Na Straży 1960/1/06, str. 14
Poprzedni artykuł
Wstecz

Widok z Wieży

A zatem weszliśmy w Nowy Rok – 1960.

Rok nowych nadziei, nowych planów i nowych zamiarów. Stojąc na naszej wieży strażniczej, ustawionej na granicy ginącego Starego Świata i Nowego Królestwa, spędźmy chwil kilka w zadumie nad rozważeniem tego, co przeszło i tego co przed nami. „Chociaż wiele tysięcy lat temu człowiek gospodarować zaczął na ziemi, nie może jednak dotąd mimo tak zaawansowanego wieku wyzbyć się cech młodzieńczości: lekkomyślności i nieograniczonej ciekawości. Ciekawość ta jest bez wątpienia cechą dodatnią przyczyniającą się do osiągnięć, które wzbogacają wiedzę. Jednak coraz szybszy wzrost wiedzy nie idzie jeszcze w parze z dostatecznym wzrostem rozsądku, stając się skutkiem tego niebezpiecznym narzędziem w ręku istoty ludzkiej, którą wiedzę tę zdobyła.

W ostatnich latach zawrotny postęp techniczny oszołomił samego człowieka, który jest obecnie w posiadaniu wyzwolonej przez siebie straszliwej siły o nieznanym w pełni zakresie działania. Stanęliśmy zatem w punkcie zwrotnym historii. Zdaniem wielu uczonych stoimy zatem w przededniu realnej możliwości upadku współczesnej cywilizacji w wielu krajach, winę za to ponosimy sami. Największy postęp techniczny bowiem nie zapobiegnie brakowi środków żywności. Od setek lat organizm ludzki przyzwyczajony jest do pełnowartościowych surowców, których nigdy nie zastąpią syntetyczne koncentraty, tak jak i naturalnego nawozu nie zastąpią wprowadzone do gleby w dużej ilości nawozy sztuczne, które czasowo tylko ratują ziemię”.

Oceniamy szlachetne wysiłki wielu mężów oraz ich trzeźwe spojrzenie na rzeczywistość, ale historia skołatanej ludzkości wykazała jak dotąd bezskuteczność tych wysiłków. W ustępujących mrokach, w zorzy brzasku Tysiąclecia słyszymy słowa Pana: „Poruszą się niebiosa” (Mat. 24:29-30). Na przestrzeni tych kilkudziesięciu lat widzimy wypełniające się proroctwa dotyczące „bestii” – obrazu tej bestii i dania jej ducha oraz federacji kościołów (Obj. 13).

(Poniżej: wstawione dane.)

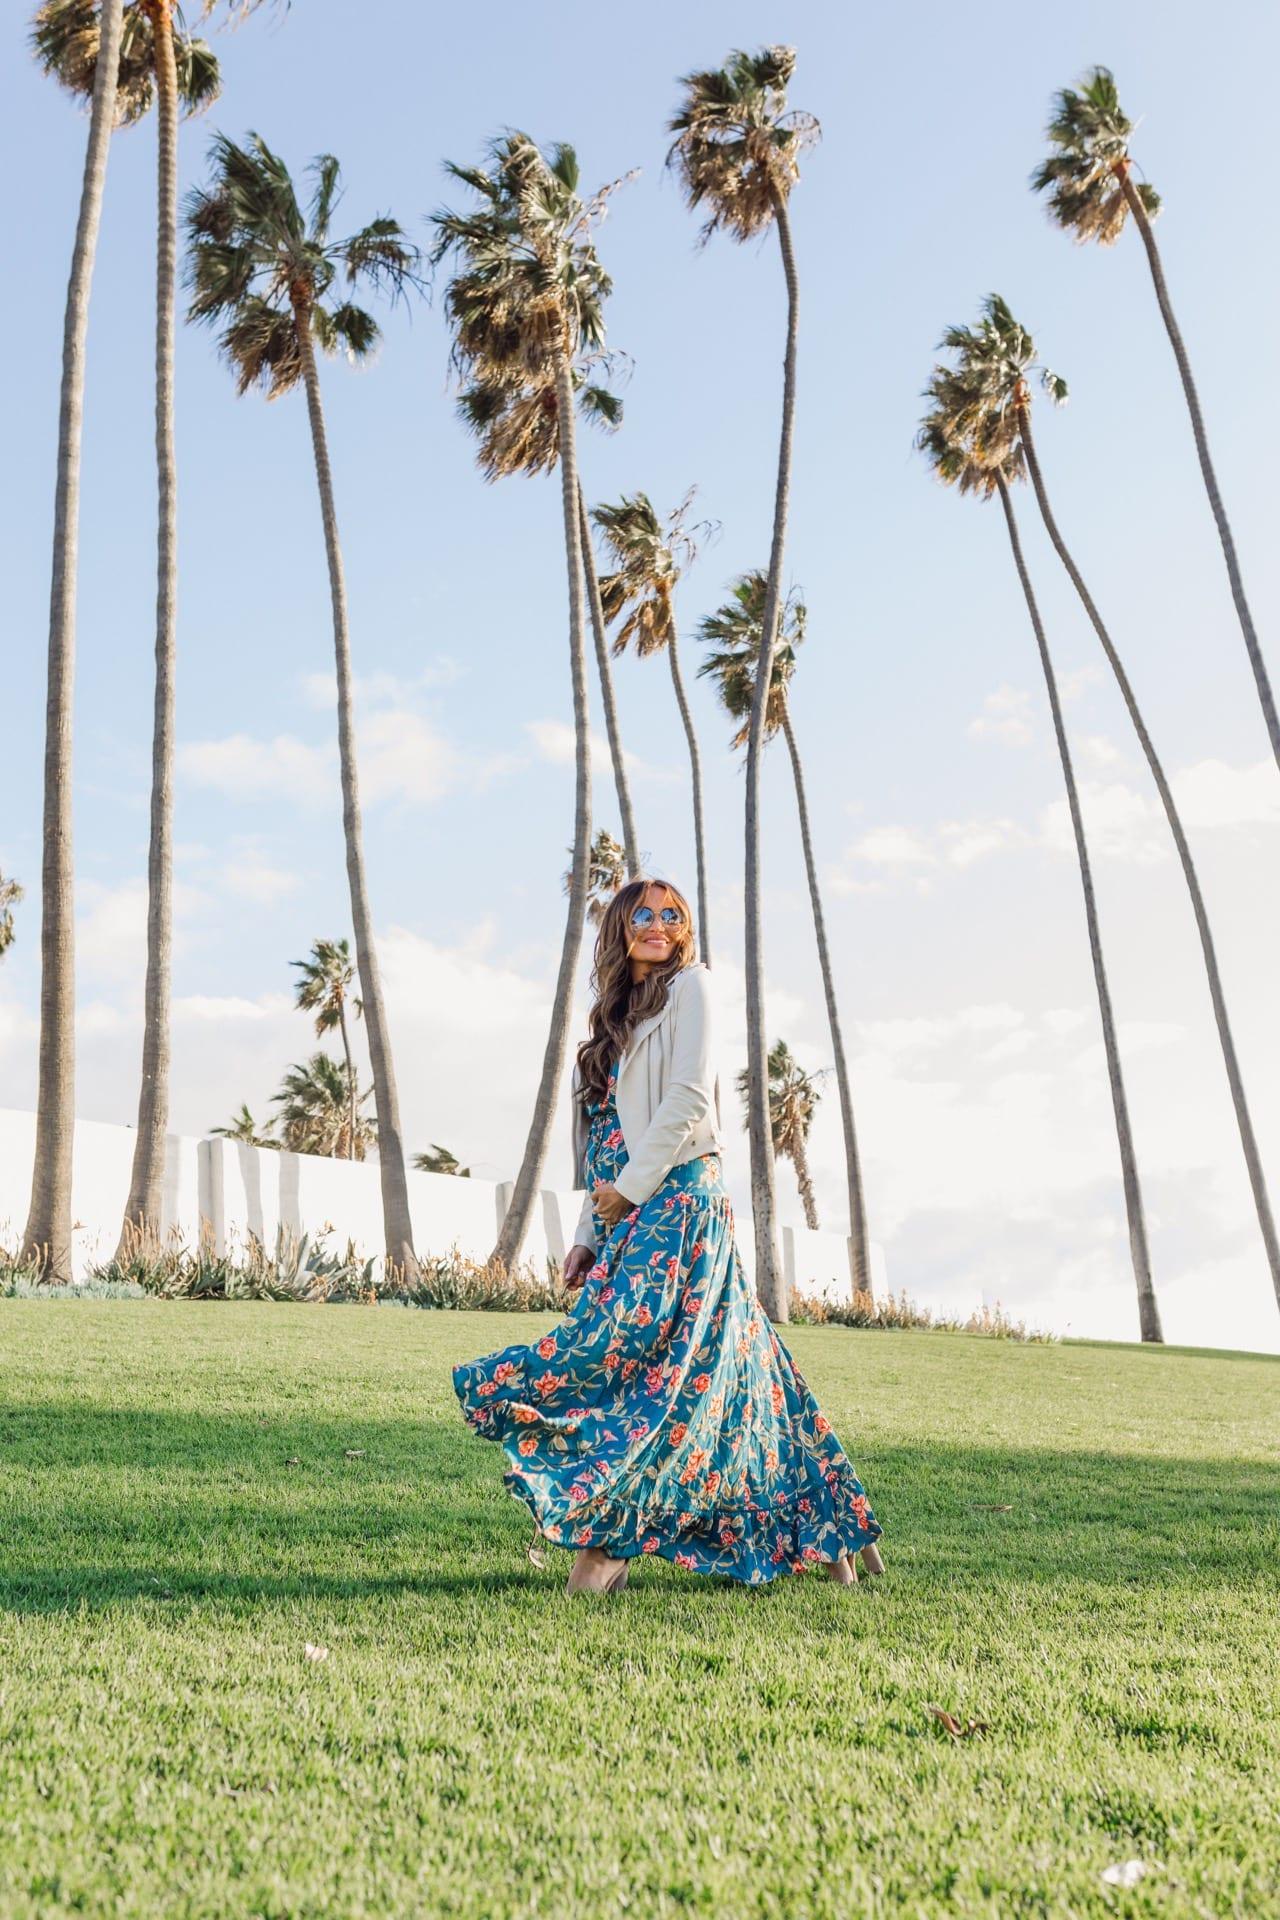 #DKW-Fashion 03-21-2019 Dress by KIVARI

„W styczniu 1919 r. miała się rozpocząć konferencja pokojowa w Paryżu. Czołowe kościoły chrześcijańskie podały wprawdzie, za czym się zdecydowały, lecz zaciemniły kwestię sporną, aby się wdać w kompromis. W grudniu 1918 r. komitet wykonawczy Rady Federalnej Kościołów Chrystusowych odbył swoje doroczne zebranie i aprobował plan prezydenta Wilsona co do założenia Ligi Narodów.

Następnie wspomniana Rada Federalna Kościołów uchwaliła w maju 1919 r. rezolucję, którą zobowiązała się poprzeć ratyfikacją Ligi Narodów przez senat amerykański, obiecując poświecić się zadaniu uczynienia Ligi Narodów powodzeniem. Wystąpiła ona z hasłem, które można by określić: „Dlaczego gasić jedyną światłość, tę, która rozprasza świata mgłę?” Lecz w roku 1939 wódz nazistów Adolf Hitler zgasił to światło i Liga Narodów znikła w gęstej ciemności II Wojny Światowej. Usiłowania wszystkich Kościołów i ich modlitwy nie zostały wysłuchane przez niebo.

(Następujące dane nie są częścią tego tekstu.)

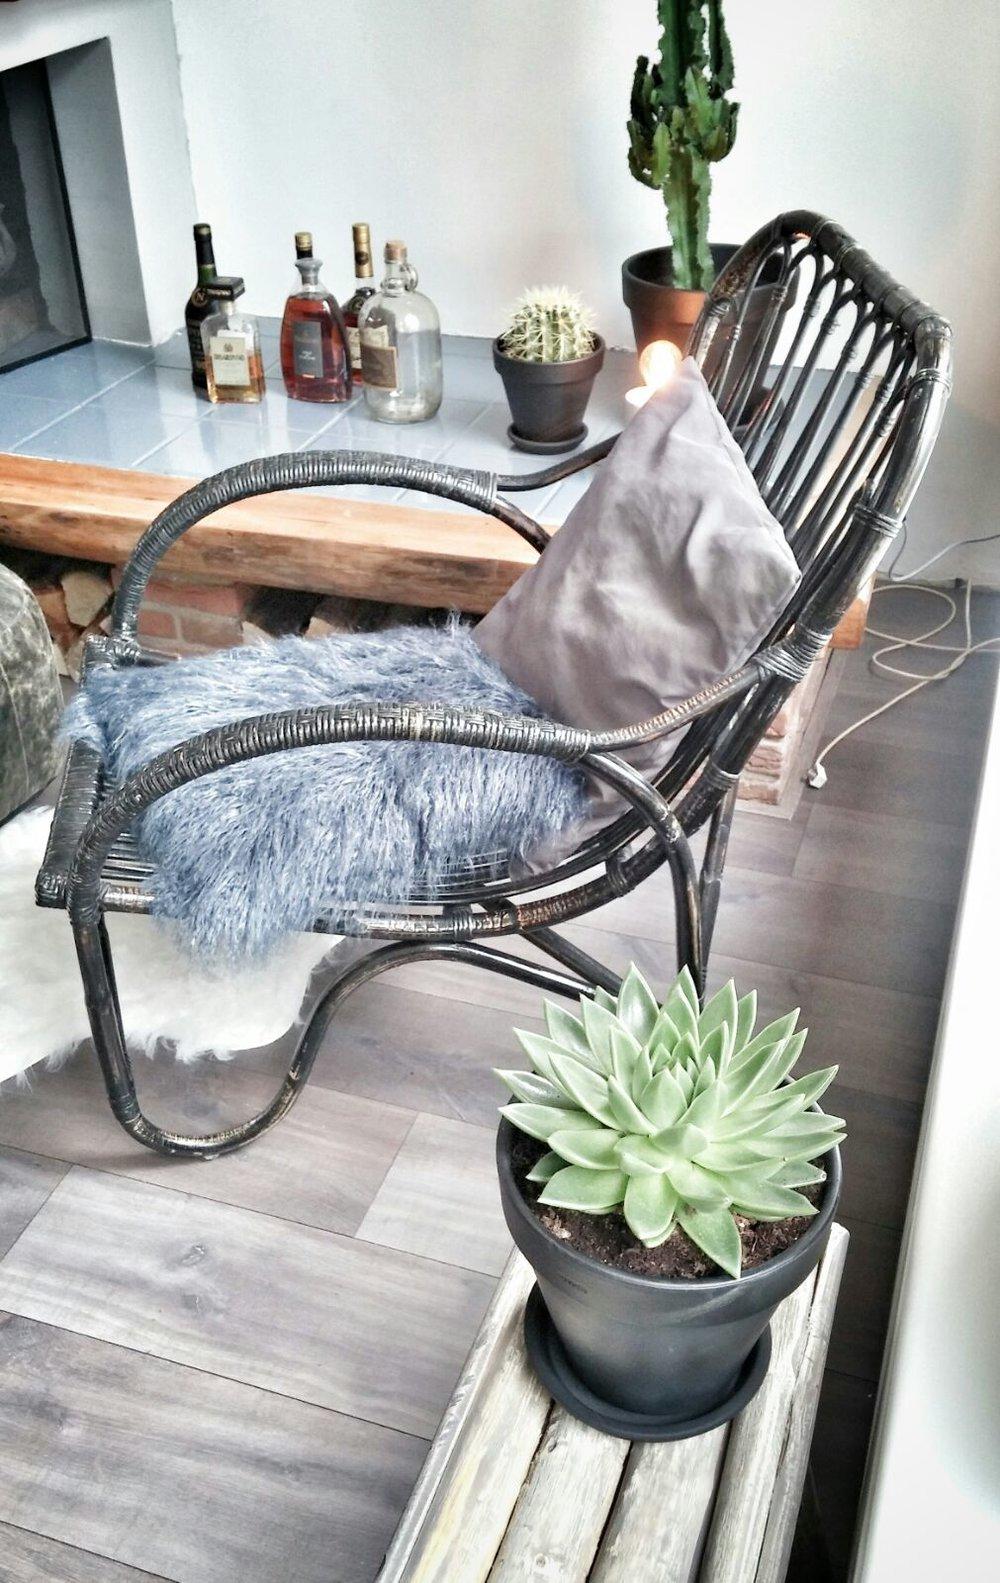 woonkamer interieurstyling industrieel stoer accessoires plant groen vacht rieten stoel schouw open haard.jpg

I my dzisiaj, kiedy olbrzymie rany tych dwu ciosów potężnych nie zostały jeszcze zatarte pytamy: „Co z Europą, Panowie!?” Cytujemy zdanie jednego z pisarzy: „Dlatego szukamy Yeti. Chcemy go odnaleźć, by stwierdzić, że jest nieszczęśliwszy od nas, że ze swą inną historią i odmiennym cyklem rozwojowym doszedł do jeszcze gorszych rezultatów niż my. Że mimo wszystko cywilizacja opłaciła się w porównaniu z jego losem, zaszczutym i samotnym. Byłaby to pewna pociecha...

Odczuwamy braki i głody, obliczamy, na ile lat jeszcze starczy nam węgla i ropy, a przecież przed nami otwierają się tak wspaniałe horyzonty. Jak nam nauka donosi, w przyrodzie na 6000 atomów zwykłego wodoru przypada 1 atom deuteru. A zatem woda mórz i oceanów zawiera nieprzebrane ilości tego izotopu wodoru. Energia, jaka wyzwoliłaby się, gdyby udało się zmusić do wejścia w reakcję syntezy jądrowej cały deuter zawarty w jednym litrze wody morskiej, równałaby się ilości ciepła, jaką dałoby spalenie 300 litrów benzyny. Morza i oceany stanowią wobec tego zasoby paliwa miliard razy bogatsze niż istniejące złoża węgla. Opanowanie zatem opisanej tu syntezy jądrowej zlikwidowałoby na miliony lat groźbę głodu energetycznego, jaka wisi nad ludzkością...”.

Ale nie tylko w historii polityki i w nauce obserwujemy wielkie ruchy. Również i w ruchu religijnym nastąpił wielki wstrząs, a zwłaszcza prasa światowa podaje wiele wiadomości związanych z przygotowaniami do Soboru Powszechnego. Rzym starą dewizę: „Rozłącz i panuj” zmienił na „Złącz i ratuj panowanie”! W tym kierunku dostrzegamy poważny zwrot w opinii myślicieli katolickich. Znamy z historii życie Marcina Lutra, reformatora i wszystkie gromy przekleństwa, jakie z Watykanu zostały rzucone na jego głowę. A oto cytujemy: „Oskarżenie o herezję uznaję za zaszczytne i podnoszące na duchu: nie błądzi, kto nie szuka, zaś herezję uważam za dowód rzeczywistego przejęcia się samą ideą. Na pytanie, czy Luter został zbawiony, odpowiadam: Przede wszystkim Luter, bo to był człowiek, któremu naprawdę ogromnie chodziło o religię. Nie można karać człowieka za jego niedoskonałość w wiedzy, można ukarać go za brak żarliwości w wierze, a tej Lutrowi nie brakło”... Oto, co mówi myśliciel katolicki w katolickim czasopiśmie.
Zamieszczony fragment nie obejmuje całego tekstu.